If you have a fondness for old and unusual ham gear, [Saveitforparts] has a great video (see below) about a Robot slow scan receiver he found at a junk store. Slow scan or SSTV is a way to send pictures via low-bandwidth audio, such as you often find on the ham bands. The idea is you take a picture, send some squeaks and blips over the air, and in about 8 or 10 seconds, a single frame of video shows up at the receiver. Hams aren’t the only ones who used it. The Apollo missions used an SSTV system in some cases, too.
I’ve been a ham radio operator for a very long time. When I first heard about SSTV, I thought it sounded cool that you could be talking to someone and then show them a picture of your station or your dog or your kids. But when I looked into it, the reality was far different. In the pre-internet days, SSTV-equipped hams hung out on a handful of watering hole frequencies and basically just sent memes and selfies to each other. Everyone would take turns, but there wasn’t really any conversation.
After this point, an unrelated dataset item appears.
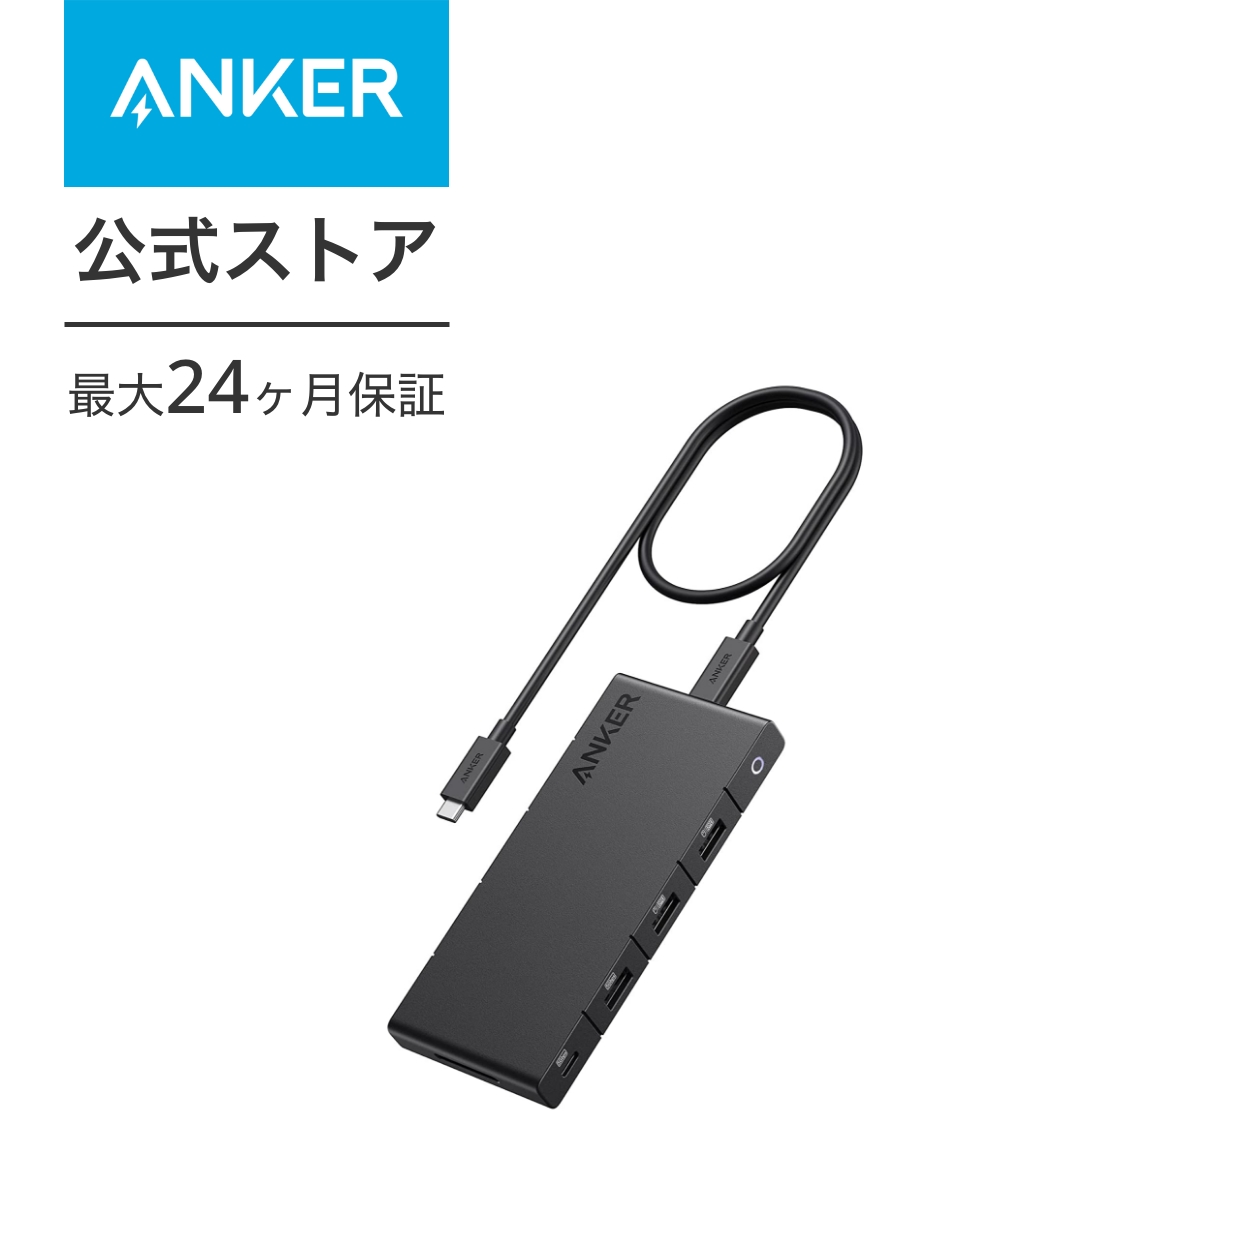 Anker 364 USB-C ハブ (10-in-1, Dual 4K HDMI) 100W USB PD対応 4K HDMIポート 2画面出力 着脱式ケーブル 50cm SDカードスロット イーサネットポート 5Gbps 高速データ転送 USB-Cポート USB-Aポート搭載

This actually still goes on, but the hardware isn’t a big deal anymore. The Robot in the video had to decode the signal from audio and store the image somehow. On old gear — some of it homebrew — it was simply persistent phosphor that would eventually fade, but, of course, eventually, images were stored in some form of digital memory. These days, you are likely to use a PC soundcard to both send and receive the necessary audio.